Provided data

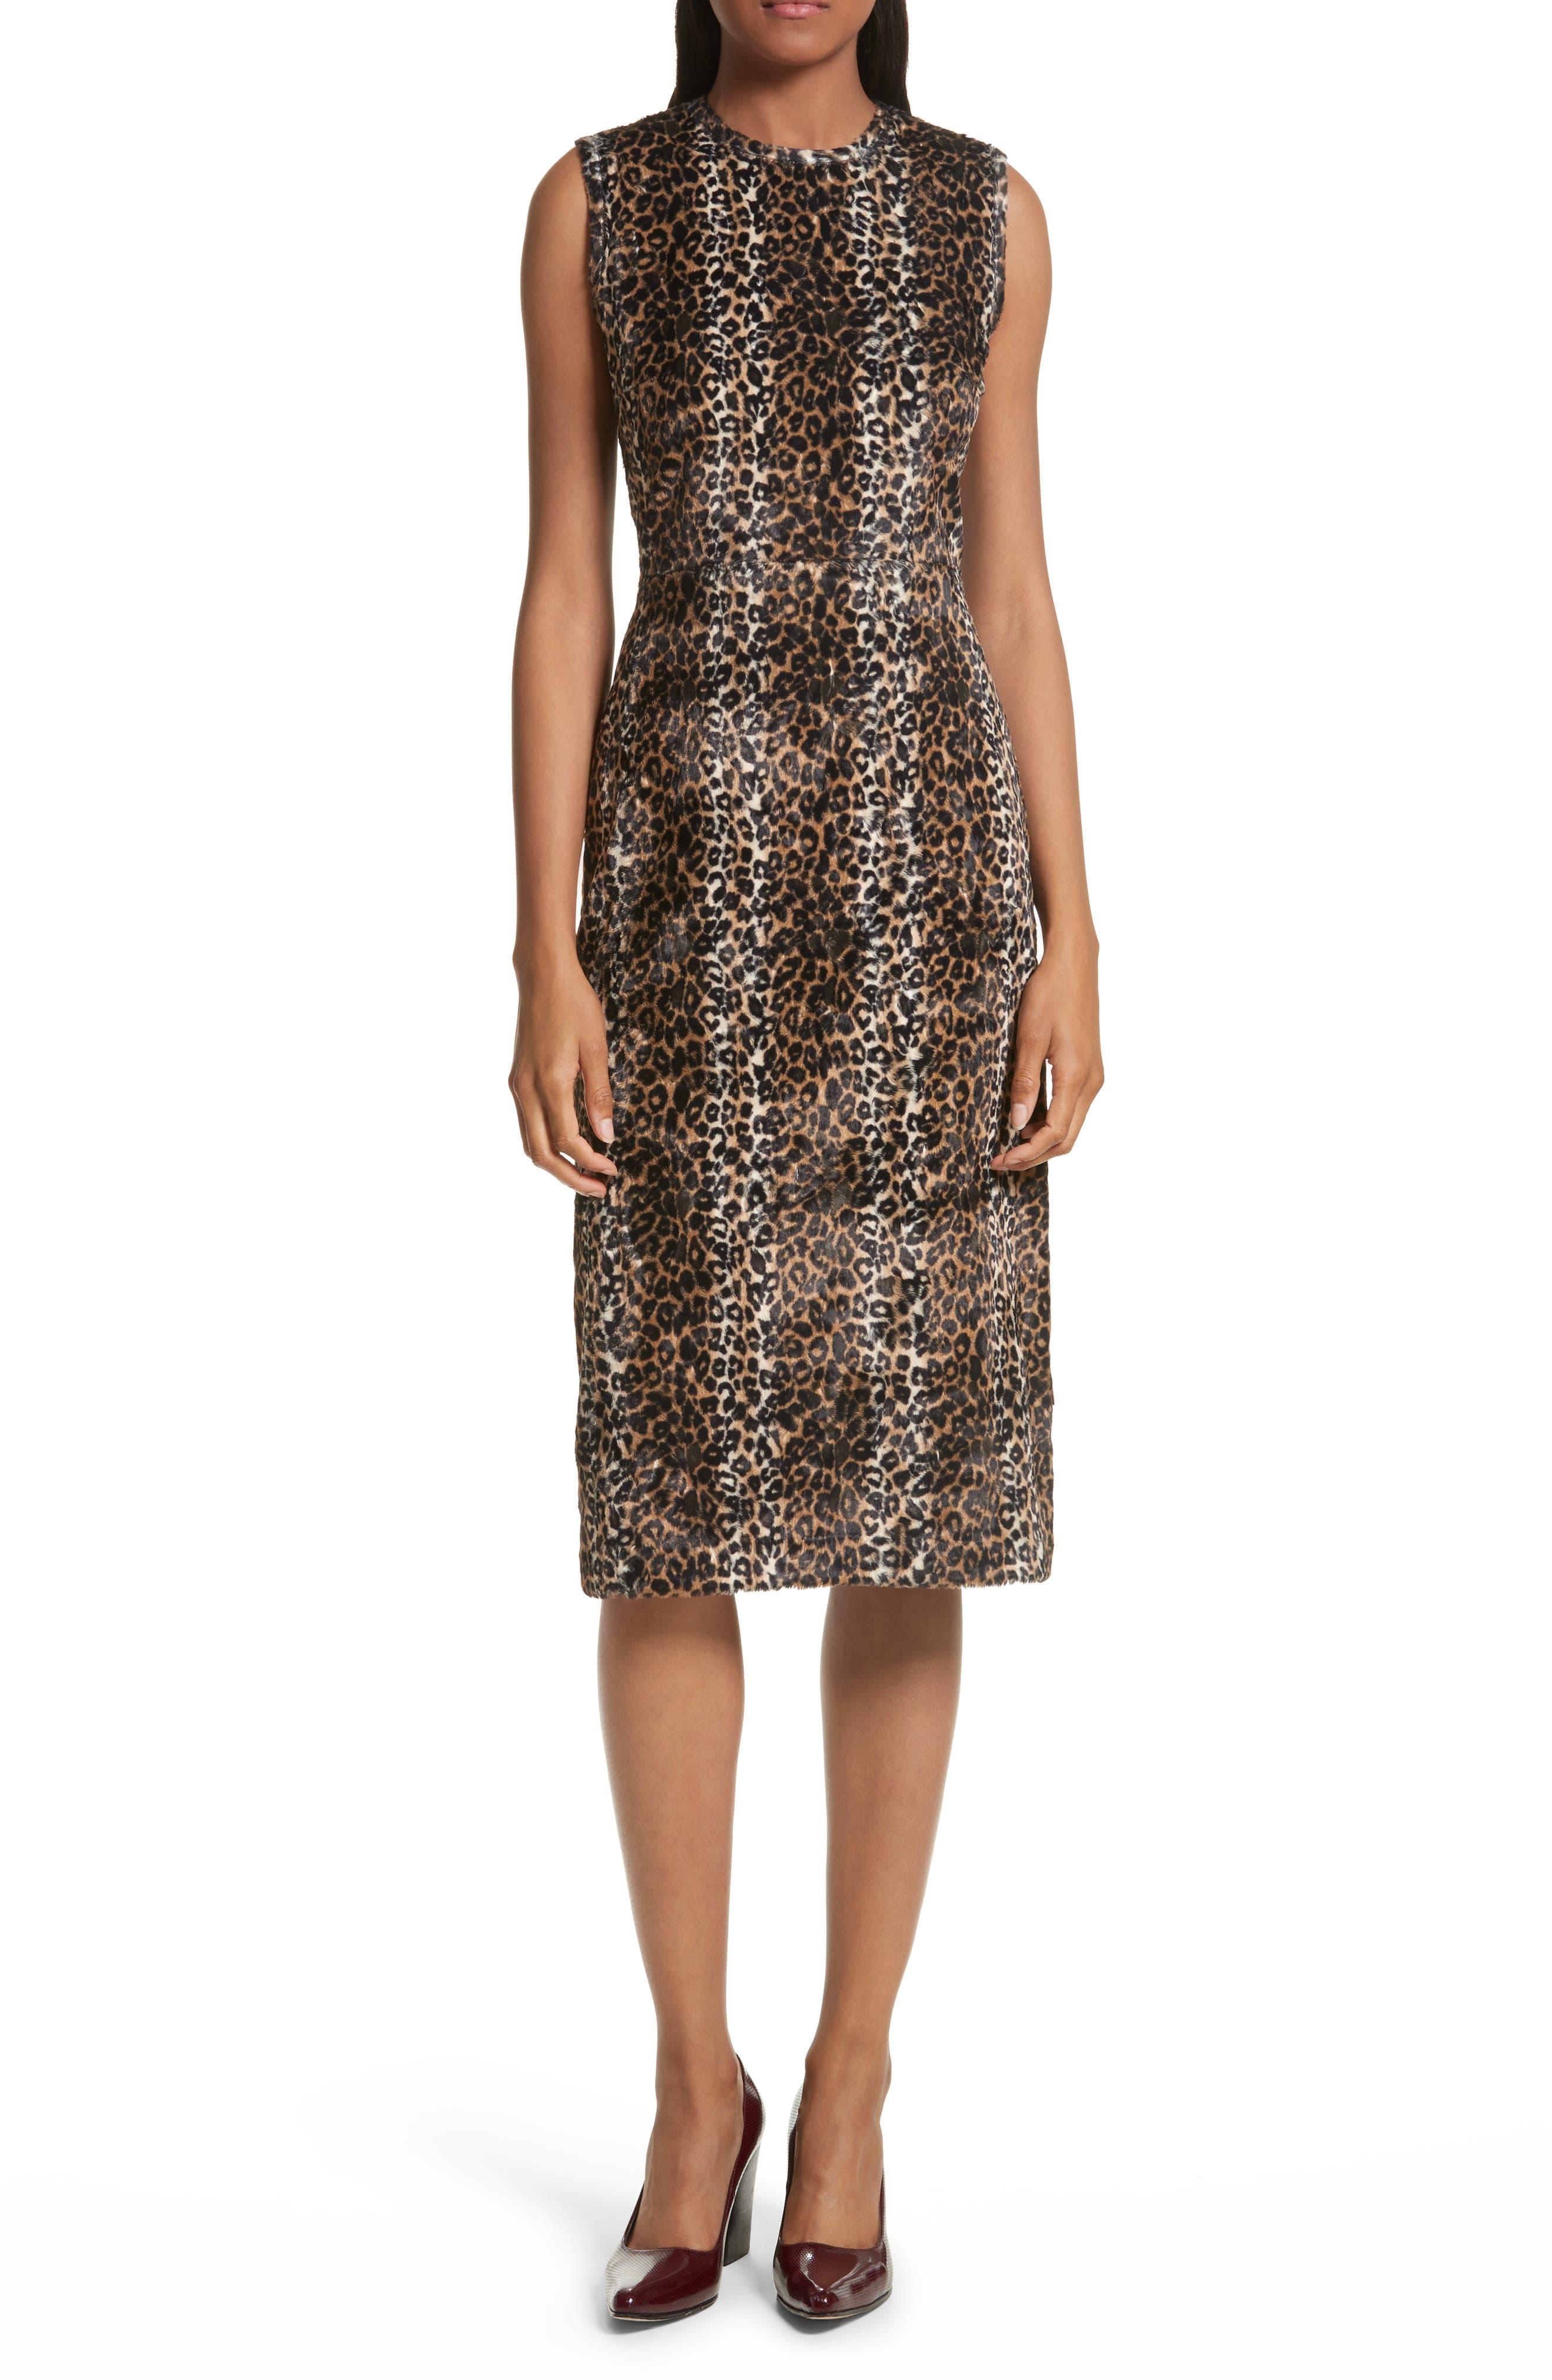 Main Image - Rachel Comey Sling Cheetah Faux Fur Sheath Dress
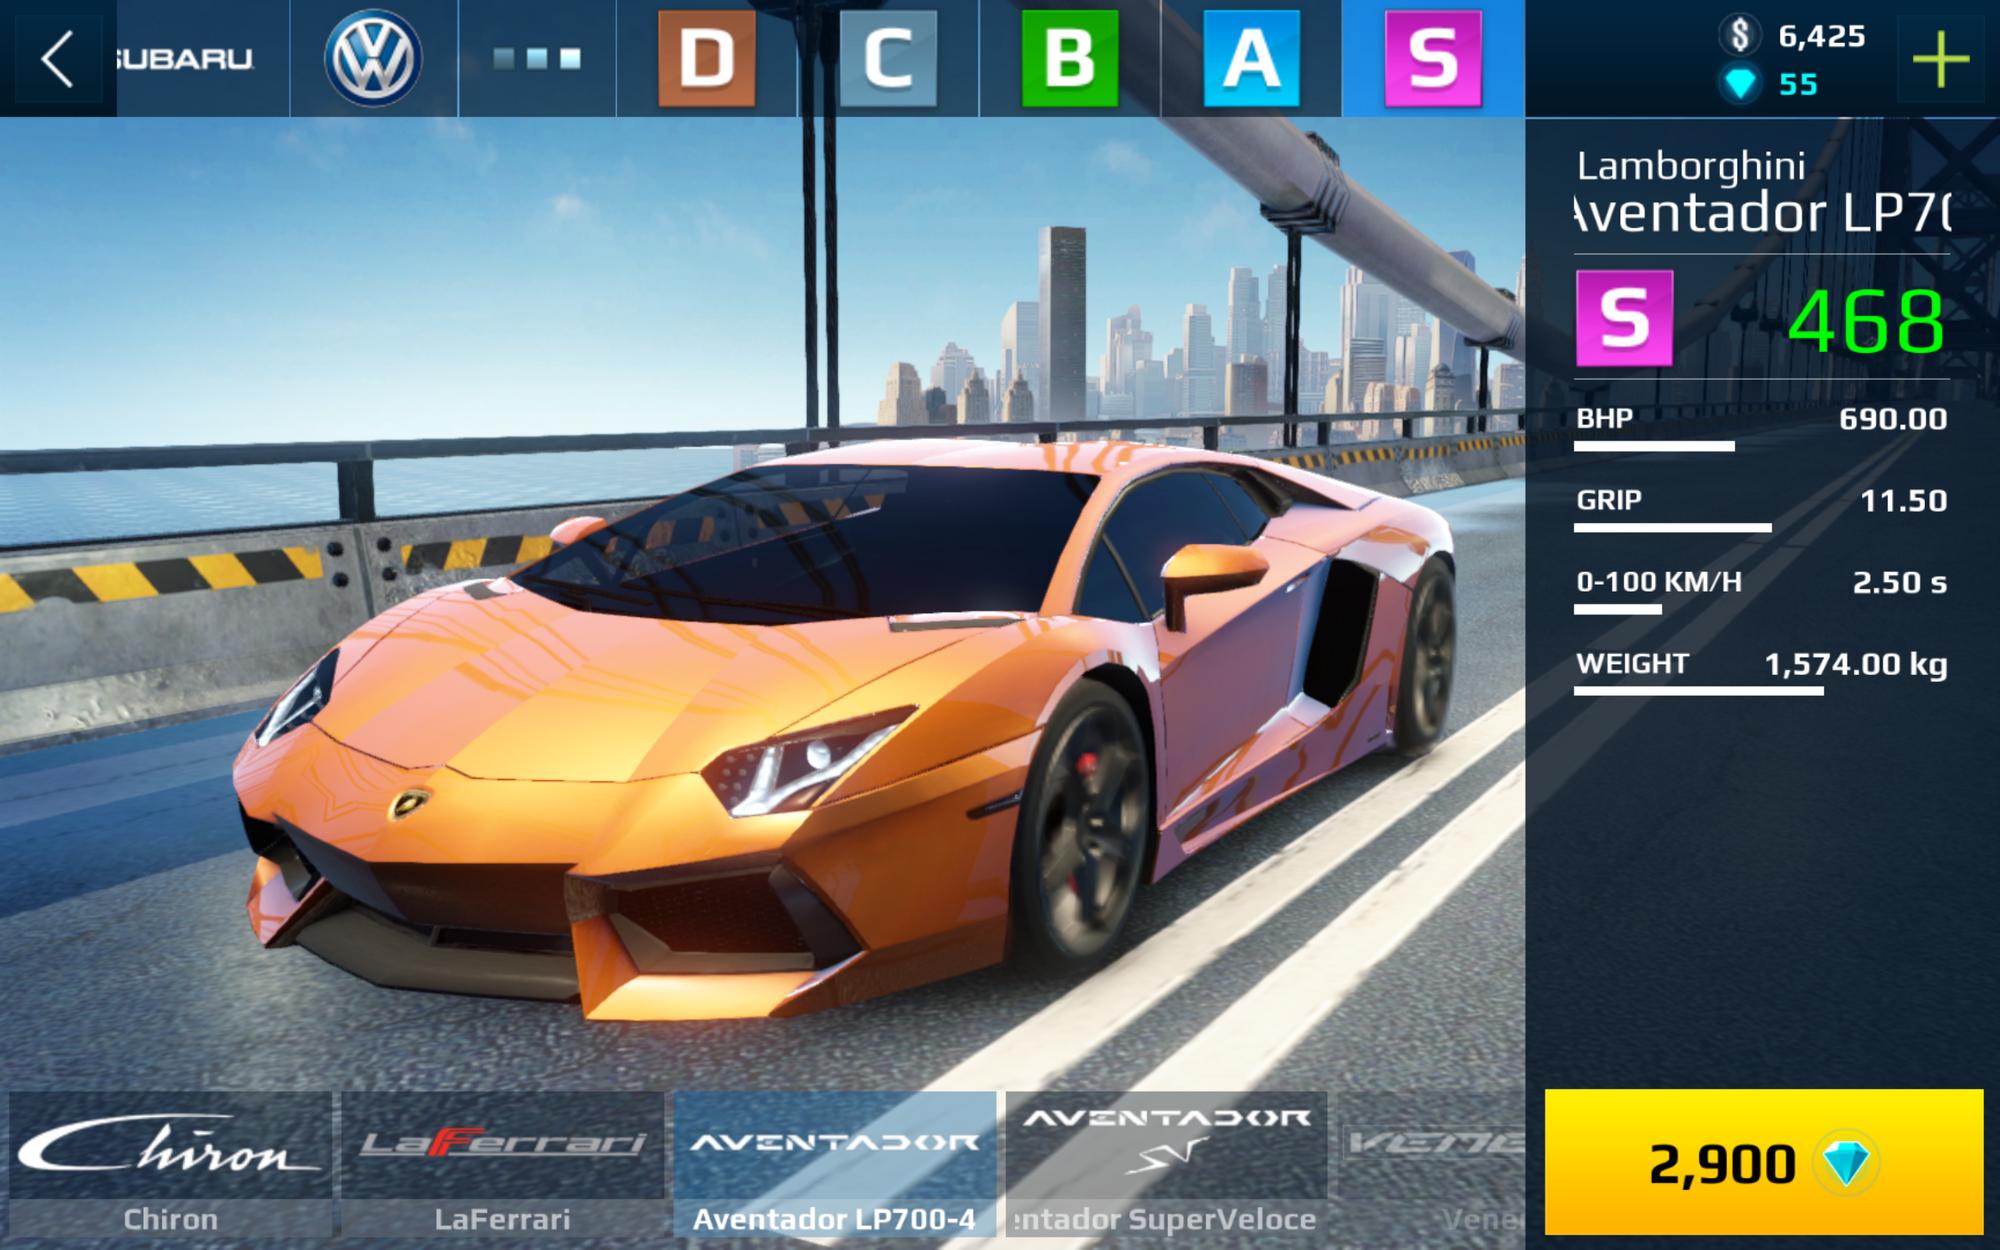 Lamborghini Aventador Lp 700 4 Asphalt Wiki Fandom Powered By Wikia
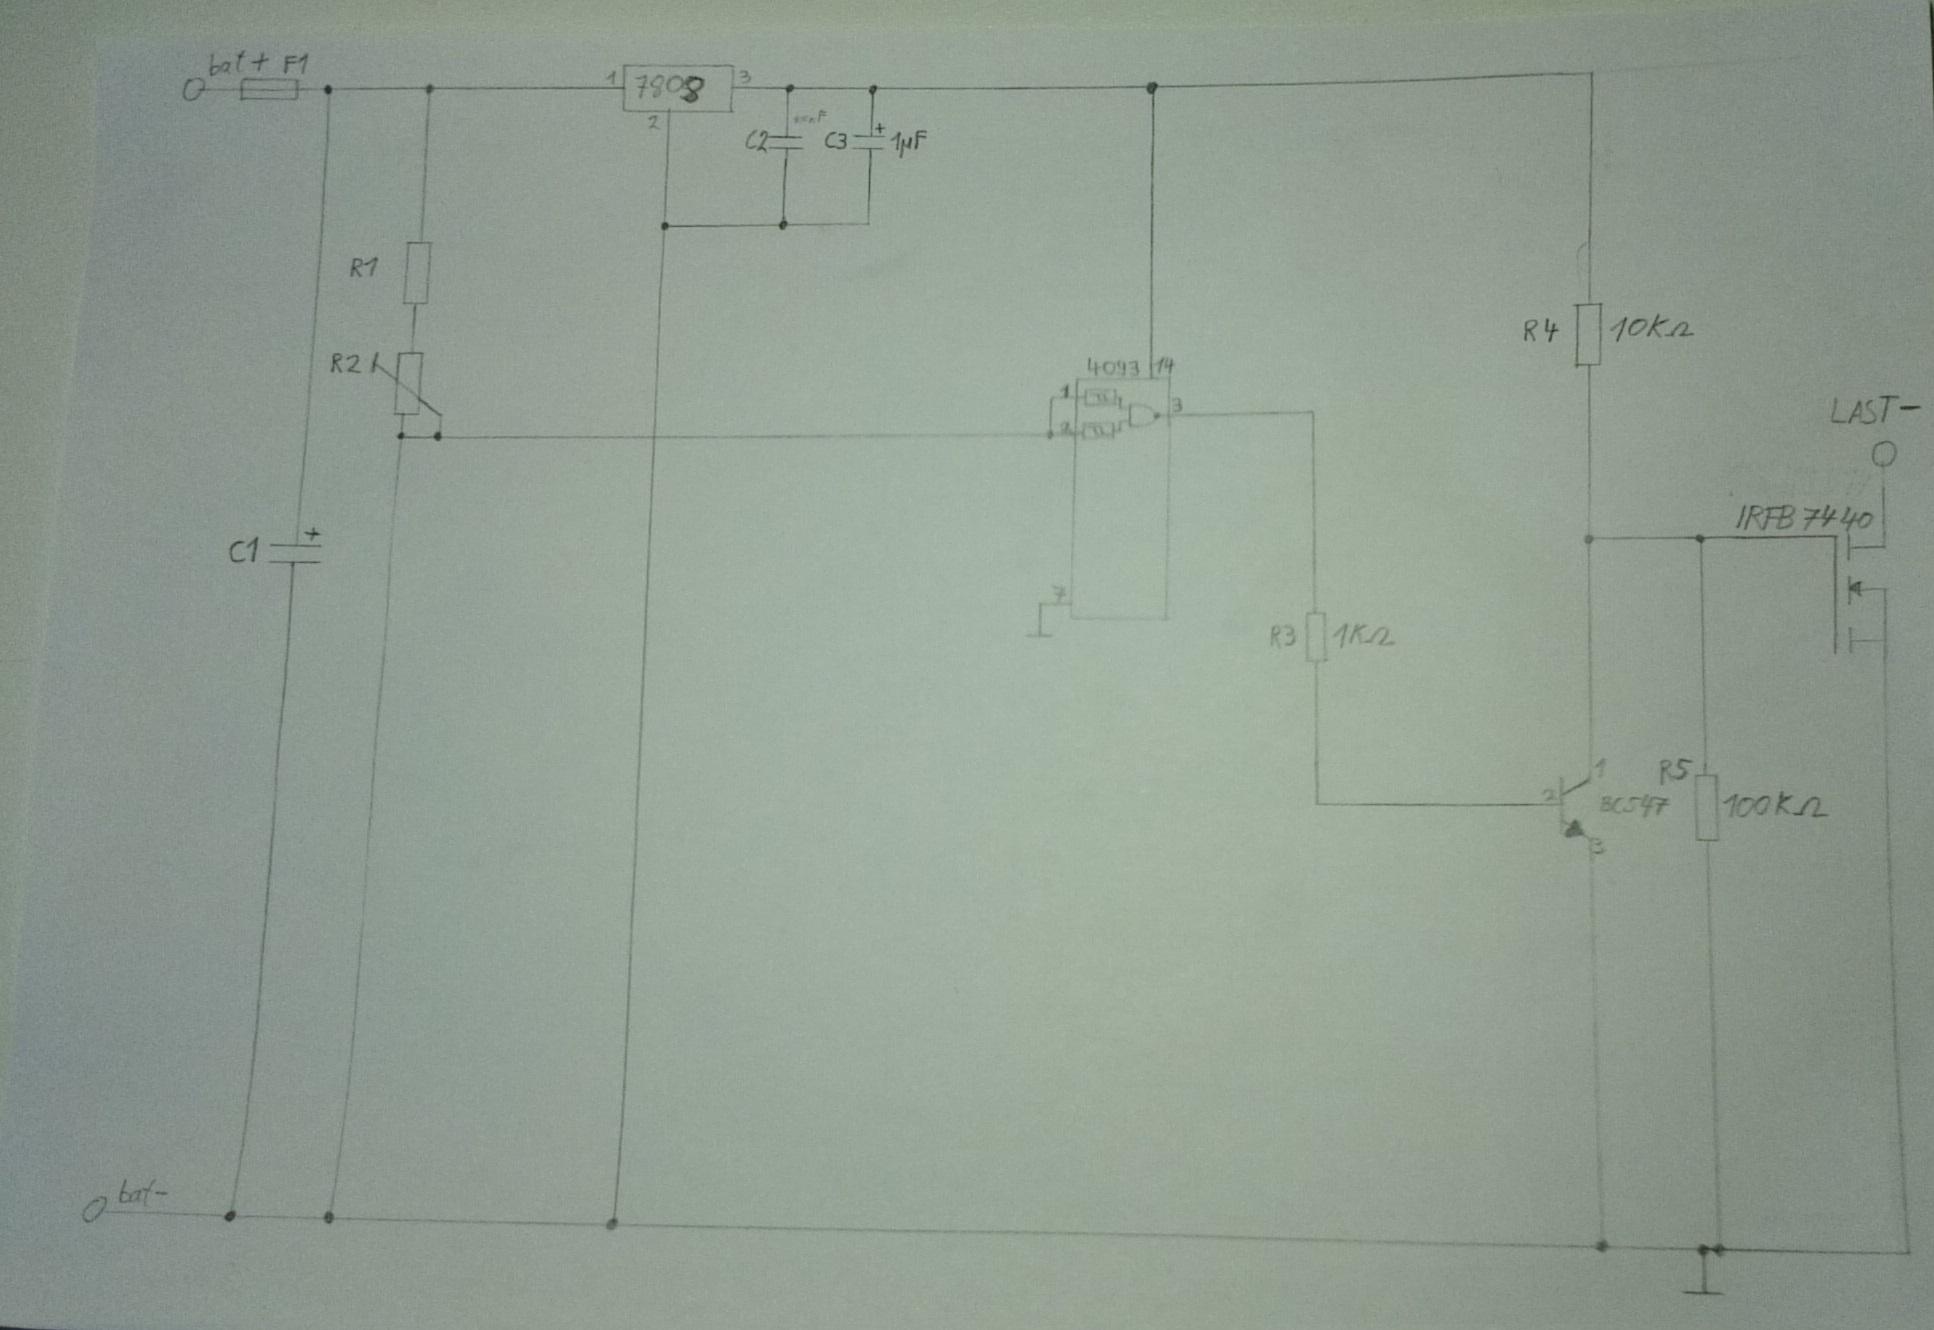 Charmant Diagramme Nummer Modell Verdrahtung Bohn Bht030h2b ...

Work task
Begin at the line containing "Lamborghini Aventador Lp" and restate exactly every line through the end of the material, skipping the pictures.

The answer
 Lamborghini Aventador Lp 700 4 Asphalt Wiki Fandom Powered By Wikia
 Charmant Diagramme Nummer Modell Verdrahtung Bohn Bht030h2b ...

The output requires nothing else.